Exercise requirements >> Reproduce only what runs from the line containing "Mountainbike Touren Tegernsee-Schliersee-Bayrischzell" to the line containing "Robot Android avec" in the records below, inclusive. Keep it exact, and keep the pictures out.

Supplied material >>
——

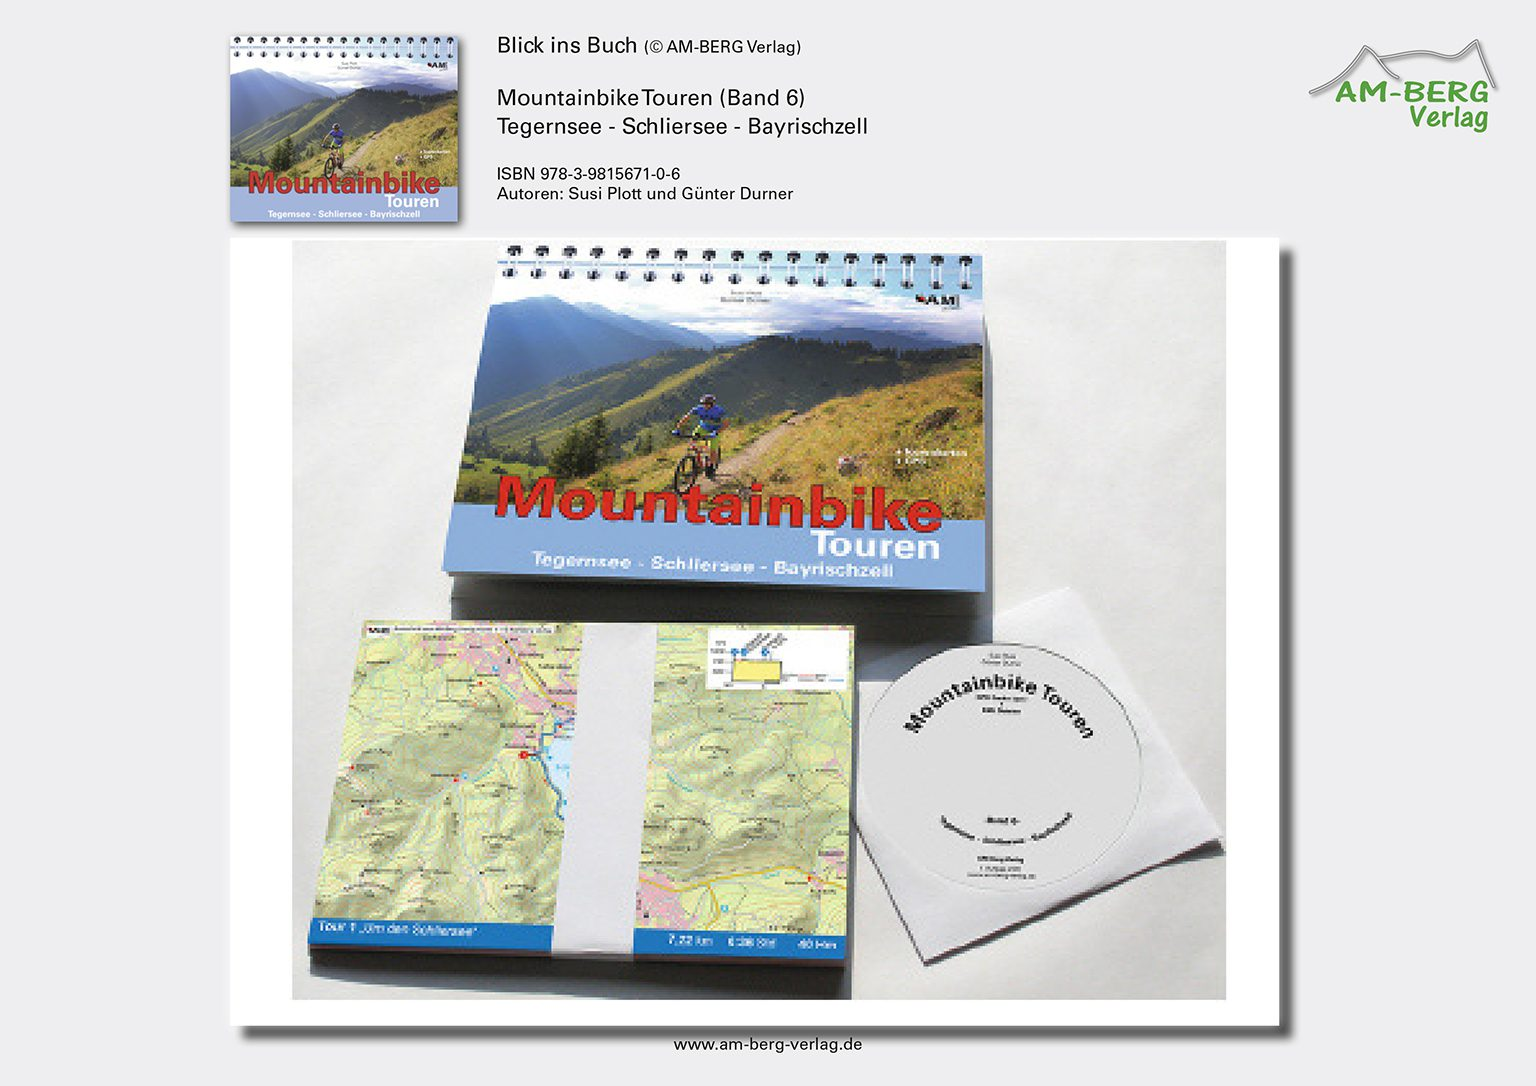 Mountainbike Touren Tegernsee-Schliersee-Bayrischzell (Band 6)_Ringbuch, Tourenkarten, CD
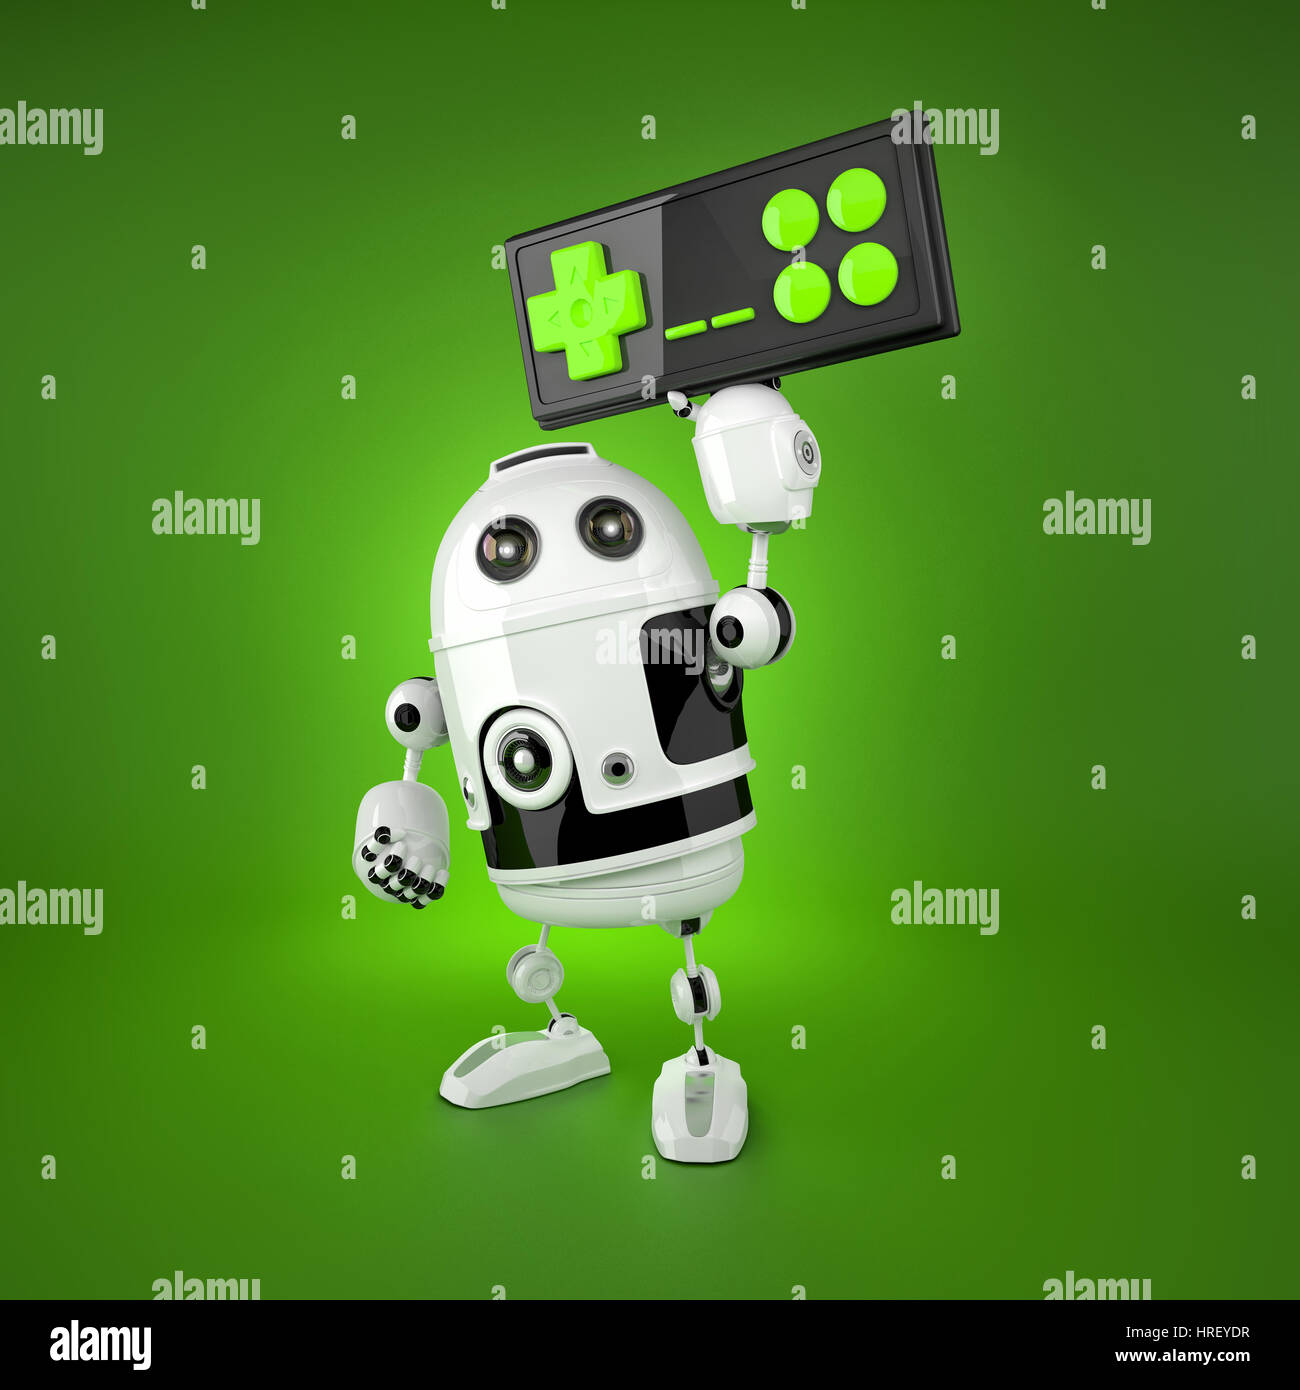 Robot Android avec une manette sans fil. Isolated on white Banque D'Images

——

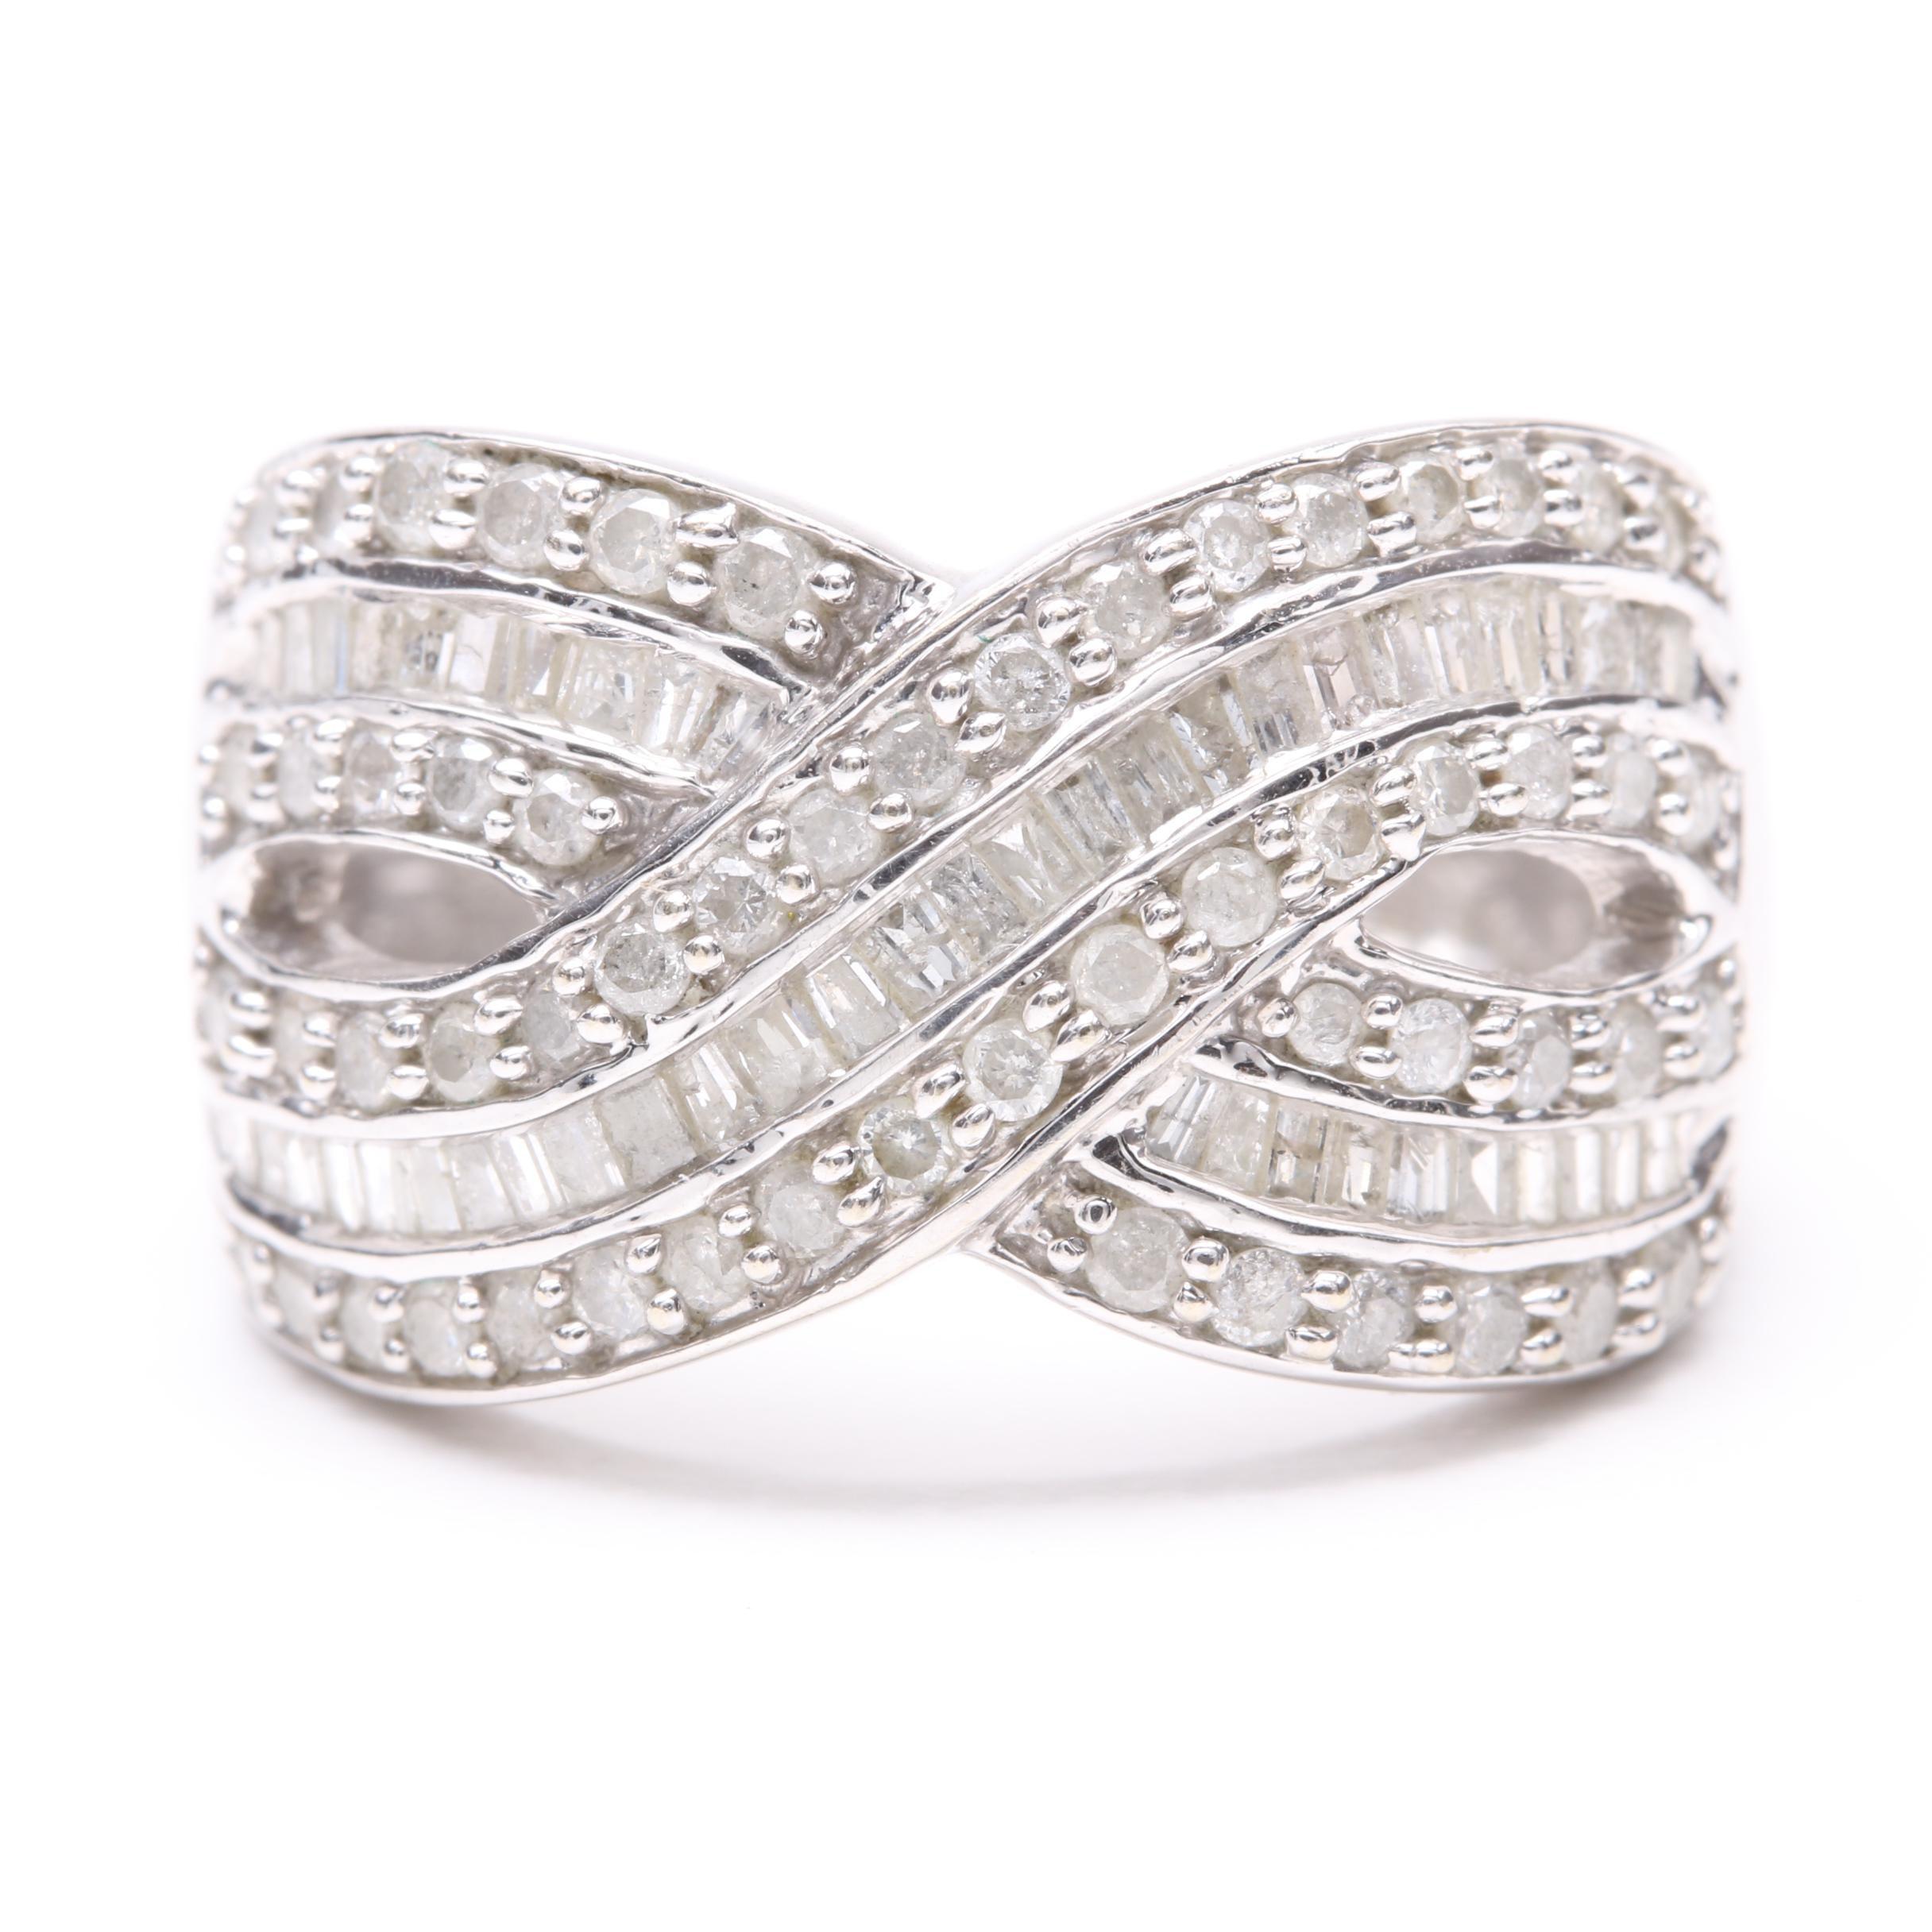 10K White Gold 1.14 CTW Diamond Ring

——

Answer for this exercise >>
 Mountainbike Touren Tegernsee-Schliersee-Bayrischzell (Band 6)_Ringbuch, Tourenkarten, CD
 Robot Android avec une manette sans fil. Isolated on white Banque D'Images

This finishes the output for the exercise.